Viviamo in un periodo complesso, dove abbiamo perso buona parte (tutti?) i capisaldi che hanno sorretto le nostre certezze, addirittura la nostra umanità. Delle babeli del sapere è rimasto poco, la capacità di malleare l’esistenza stessa della verità è passata dalle mani, dalle menti e dallo studio dei ricercatori e degli esperti a… tutti.

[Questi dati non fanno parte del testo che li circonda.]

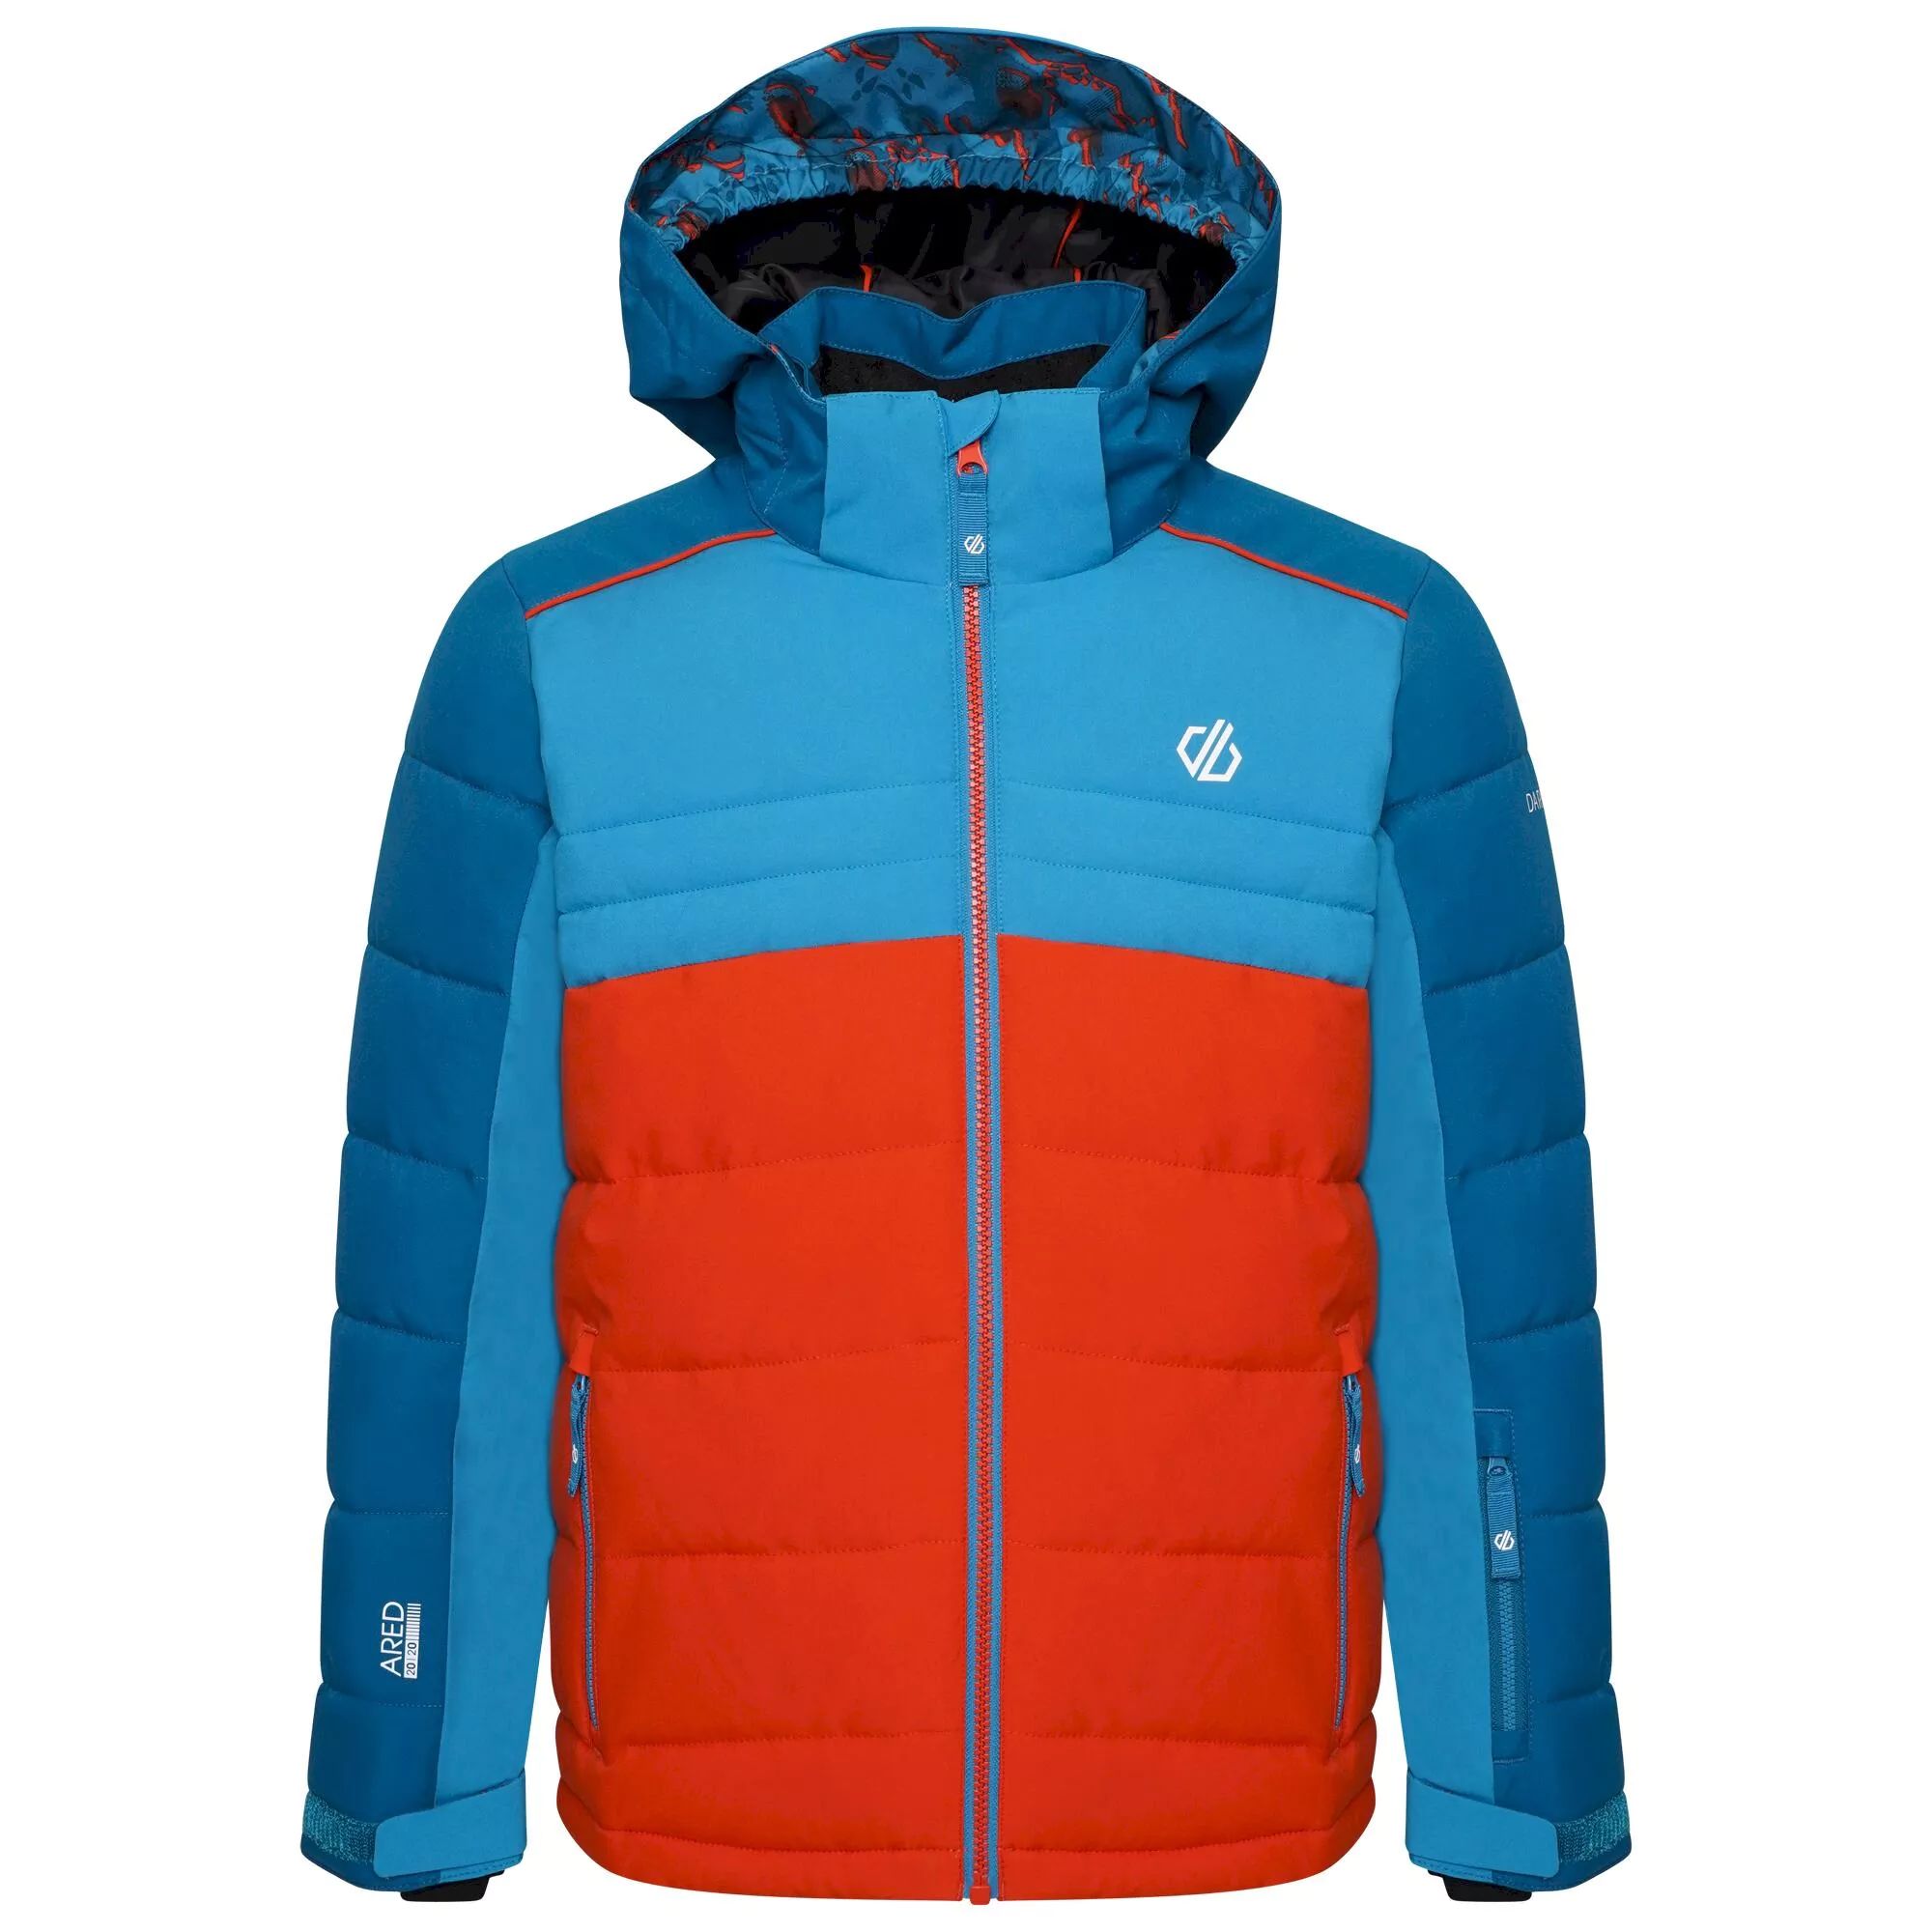  Ski & Snow Jackets -  dare 2b Cheerful II Ski Jacket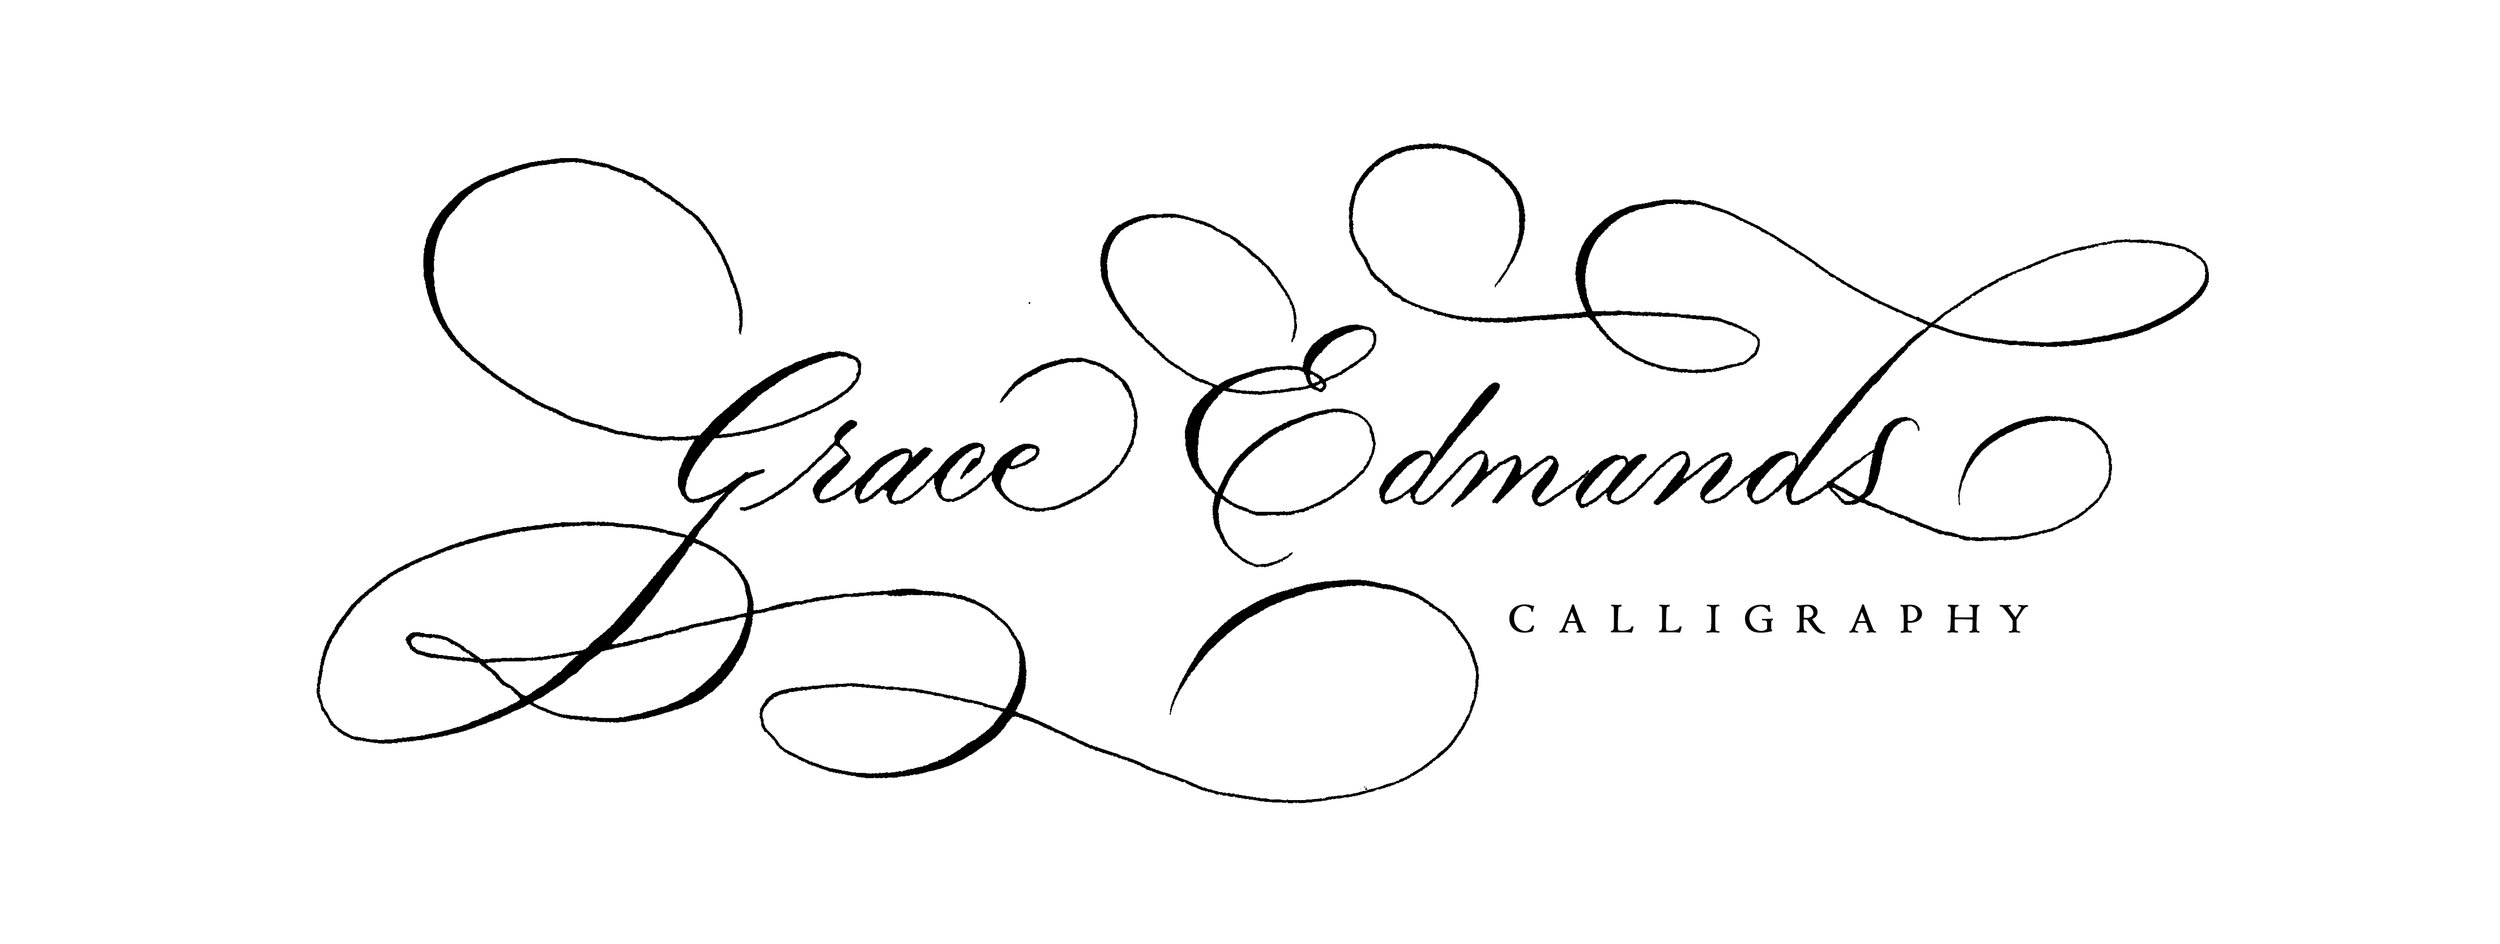 Grace Edmands Logo #1.jpg

Malleare è una parola che ci dice che ci si può piegare alla volontà altrui, che si può modellare proprio con un martello (malleus, in latino) e anche se può essere interpretato come qualcosa che permette di creare, dalla materia grezza come il ferro, qualcosa di bellissimo, dalla forma e dalla sostanza perfetta, come per esempio orientare ed educare le giovani menti come avviene in ambito formativo, non può non farci pensare che per per farlo serve violenza, serve battere con forza con un martello, deformando. Vista così non è, ovviamente, una bella immagine, non è una bella prospettiva: modellare significa modificare con violenza qualcosa che potrebbe evolvere in modo naturale, ad esempio in una farfalla? In più, oggi viene messo sempre più in dubbio e viene criticato sempre di più il valore nominale del sapere, dell’autorevolezza, della competenza: come qualcosa che arriva dall’alto, e quindi è negativa, come il martello che dall’alto colpisce con violenza, per modellare in modo innaturale.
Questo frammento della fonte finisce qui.